** Opening DATASET CONTENT block **
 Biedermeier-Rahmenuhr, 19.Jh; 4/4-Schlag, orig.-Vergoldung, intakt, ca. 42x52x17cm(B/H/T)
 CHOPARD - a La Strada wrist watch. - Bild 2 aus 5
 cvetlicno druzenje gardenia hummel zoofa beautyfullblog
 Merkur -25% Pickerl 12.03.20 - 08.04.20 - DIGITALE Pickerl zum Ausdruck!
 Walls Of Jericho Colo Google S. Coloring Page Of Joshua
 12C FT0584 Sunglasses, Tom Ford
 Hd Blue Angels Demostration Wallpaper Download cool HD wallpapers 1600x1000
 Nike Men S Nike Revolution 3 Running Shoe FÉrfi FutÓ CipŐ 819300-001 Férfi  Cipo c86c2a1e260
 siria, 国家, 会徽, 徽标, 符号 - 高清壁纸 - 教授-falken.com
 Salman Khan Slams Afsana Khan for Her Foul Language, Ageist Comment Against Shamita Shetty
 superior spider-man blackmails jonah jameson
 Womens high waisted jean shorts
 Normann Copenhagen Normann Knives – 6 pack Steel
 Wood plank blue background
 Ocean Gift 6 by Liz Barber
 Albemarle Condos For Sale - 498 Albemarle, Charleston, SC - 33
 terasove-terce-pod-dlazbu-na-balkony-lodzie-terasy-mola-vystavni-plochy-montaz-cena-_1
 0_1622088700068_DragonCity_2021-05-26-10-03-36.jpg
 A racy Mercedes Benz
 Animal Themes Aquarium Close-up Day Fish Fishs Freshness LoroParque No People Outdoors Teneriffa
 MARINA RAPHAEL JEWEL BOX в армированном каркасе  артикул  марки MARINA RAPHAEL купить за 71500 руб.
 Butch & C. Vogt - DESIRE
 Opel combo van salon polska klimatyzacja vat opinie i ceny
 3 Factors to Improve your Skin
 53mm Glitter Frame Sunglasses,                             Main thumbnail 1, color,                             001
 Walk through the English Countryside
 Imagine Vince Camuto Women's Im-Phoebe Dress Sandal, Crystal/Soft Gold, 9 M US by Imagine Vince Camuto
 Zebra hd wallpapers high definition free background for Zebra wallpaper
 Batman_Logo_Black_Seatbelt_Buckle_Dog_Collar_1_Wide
** Closing DATASET CONTENT block **
* PROBLEM STATEMENT *
Everything from the line containing "MARINA RAPHAEL JEWEL" to the end of the records must be written out exactly; include both of those lines and no others.

* ANSWER AREA *
 MARINA RAPHAEL JEWEL BOX в армированном каркасе  артикул  марки MARINA RAPHAEL купить за 71500 руб.
 Butch & C. Vogt - DESIRE
 Opel combo van salon polska klimatyzacja vat opinie i ceny
 3 Factors to Improve your Skin
 53mm Glitter Frame Sunglasses,                             Main thumbnail 1, color,                             001
 Walk through the English Countryside
 Imagine Vince Camuto Women's Im-Phoebe Dress Sandal, Crystal/Soft Gold, 9 M US by Imagine Vince Camuto
 Zebra hd wallpapers high definition free background for Zebra wallpaper
 Batman_Logo_Black_Seatbelt_Buckle_Dog_Collar_1_Wide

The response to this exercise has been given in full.